Exhibition Review: Wearable or Not

By: Amir Sheikhvand and Marie-Eve G. Castonguay
Published: 2017/01/15


The exhibition WEARABLE OR NOT?: Interacting with Contemporary Jewelry  was presented at the OCAD University graduate gallery and was curated by Sylvia Zhang, a graduate student currently completing her MFA in Criticism and Curatorial Practice at OCADU. The exhibition featured works by Jackie Anderson, Selina Chen, Fiona Kakei Chong, Nadya Eidelstein, Lauren Kalman, and Belle Wong. MetalAid visited the exhibition on the opening night.

It was exciting and encouraging for the art jewellery community in Toronto to see such an exhibition happening in the city. The aim of the exhibition being to provide new perspectives in contemporary jewellery by presenting it as an art form rather than a functional object, Zhang adapted the space and display in order to engage the visitors in tactile interactions with the work. Some of the finished pieces could be touched and felt by the public, but there were also a variety of material samples and explorations that were displayed with the work, most of them hanging from the walls. The multi sensorial interactions thus engendered shed light on the process of making and suggested a different type of value than the mere monetary value of materials.

Although the exhibition aimed to present jewellery that engages with the body in unexpected ways and to challenge ideas of value and wearability, these concepts were not obvious in all of the works presented. Lauren Kalman’s work, which restricts body movements and is meant to be worn in quite unexpected areas of the body, seemed to be the most successful in terms of following the curatorial statement and fulfilling our expectations of what the exhibition would be about. To some extent, each artist had an unconventional way to approach jewellery, but isn’t that the essence of what contemporary art jewellery is?

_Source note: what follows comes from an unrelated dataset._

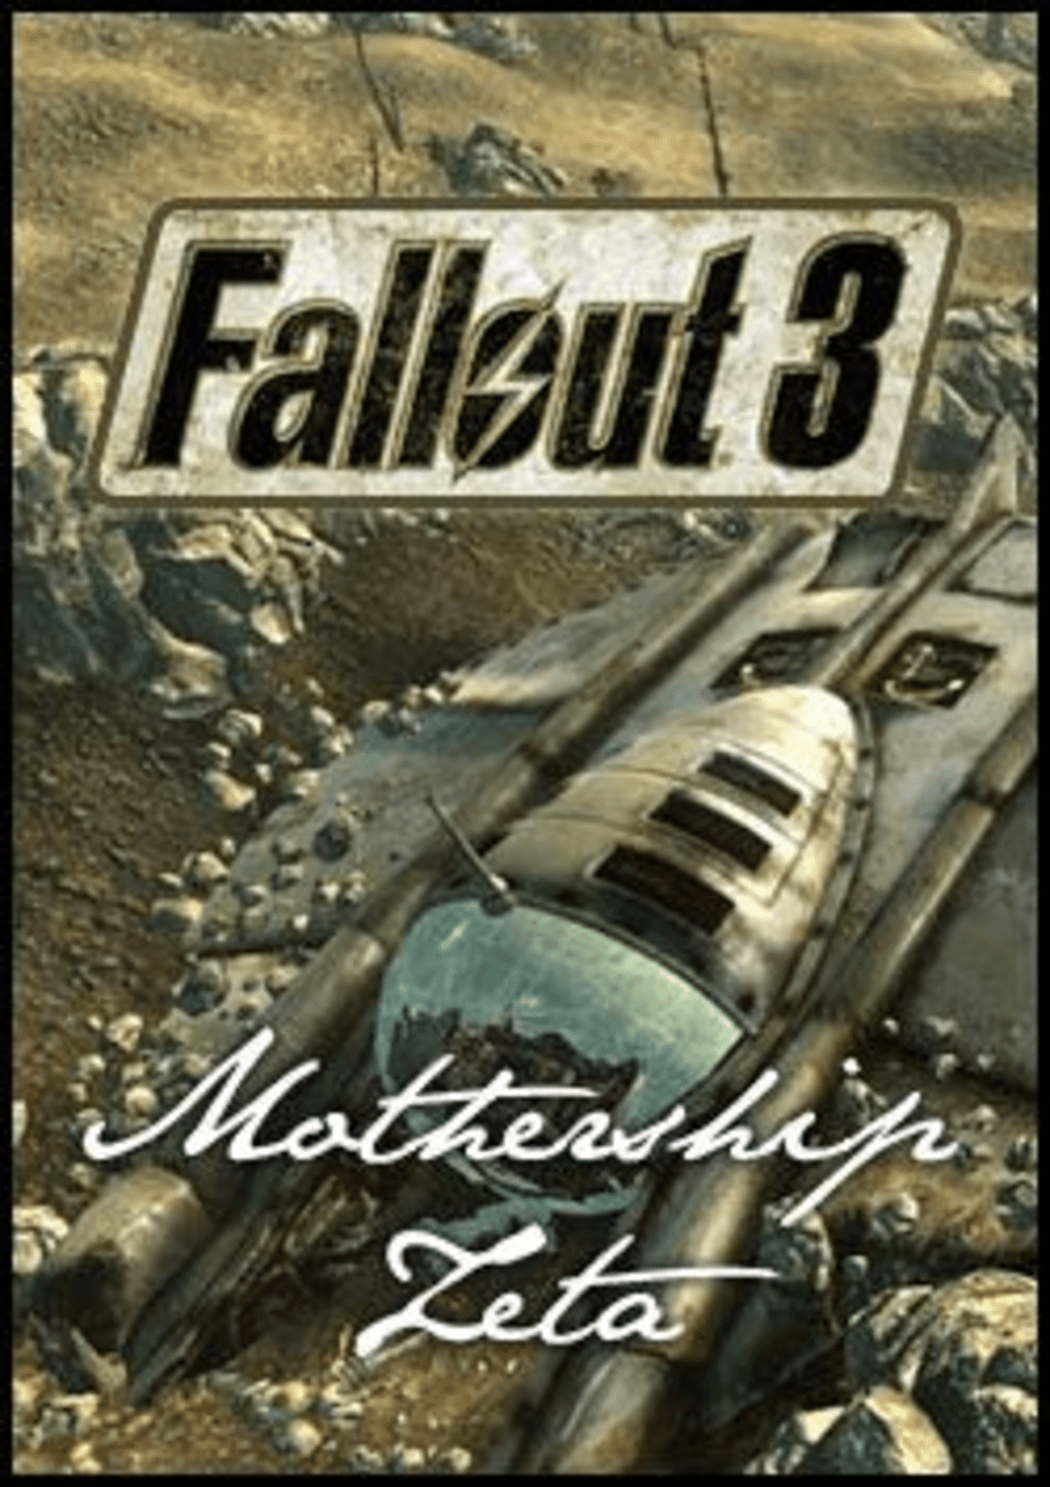 Buy Fallout 3 - Mothership Zeta PC Steam key! Cheap price
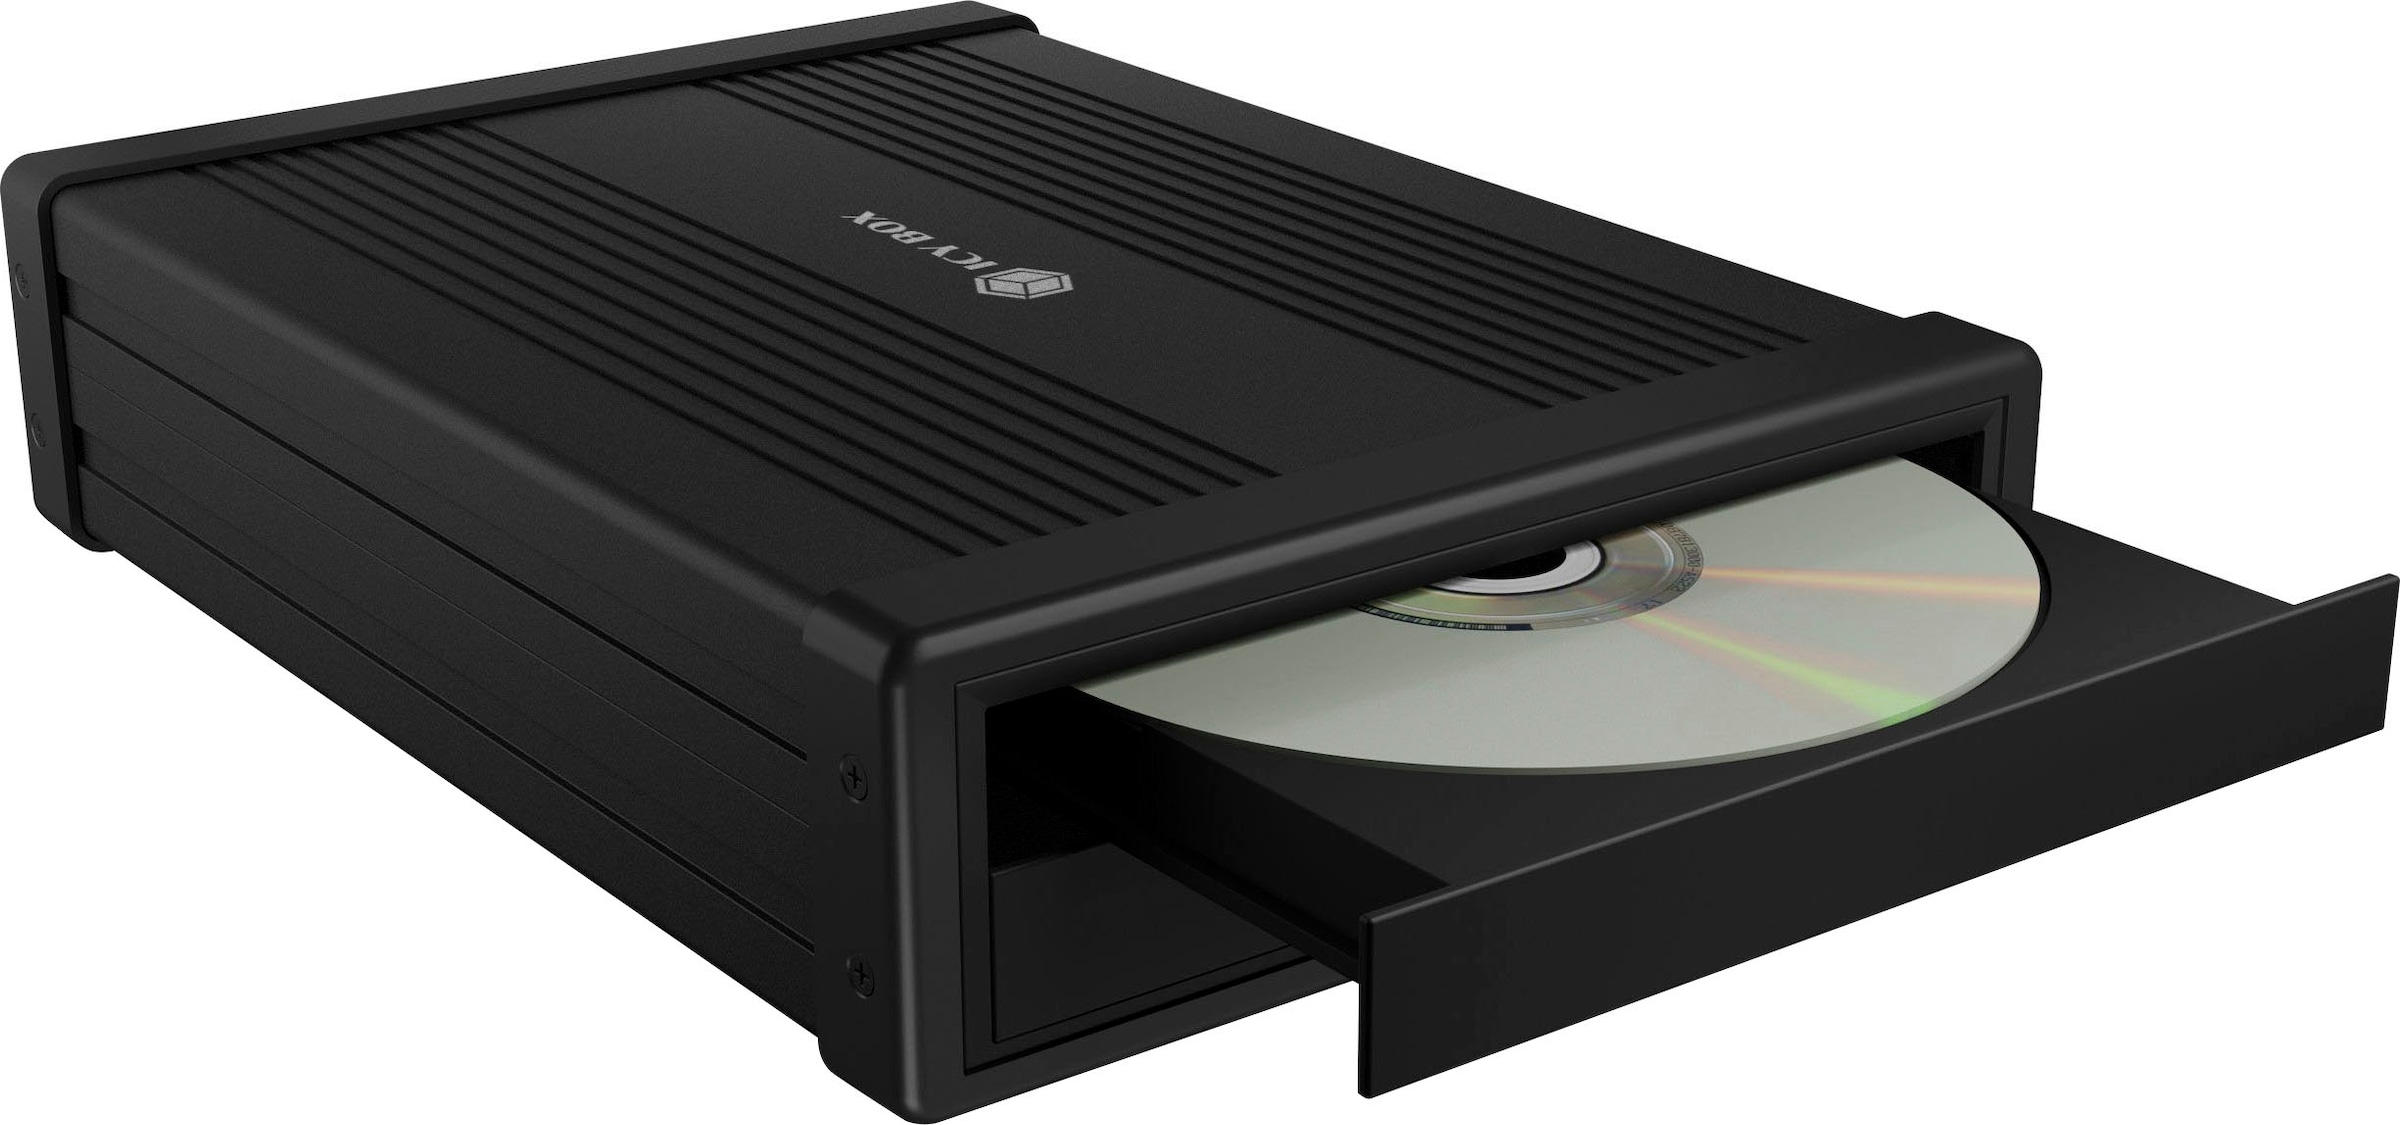 Festplatten-Gehäuse »ICY BOX externes Gehäuse für 1x 5,25 SATA DVD/Blue-Ray Laufwerk«

Perhaps the exhibition’s true goal was to show the public what is contemporary jewellery rather than really being about questioning notions of wearability and value. Each artist presented interesting ways to approach materials and forms and we had a chance to see some extremely interesting and finely crafted pieces. Overall, we were sincerely pleased with the exhibition although it was slightly different from what we were expecting.

Our hope is to see more of these events happening in the city and across Canada, increasing awareness around the concept of contemporary art jewellery.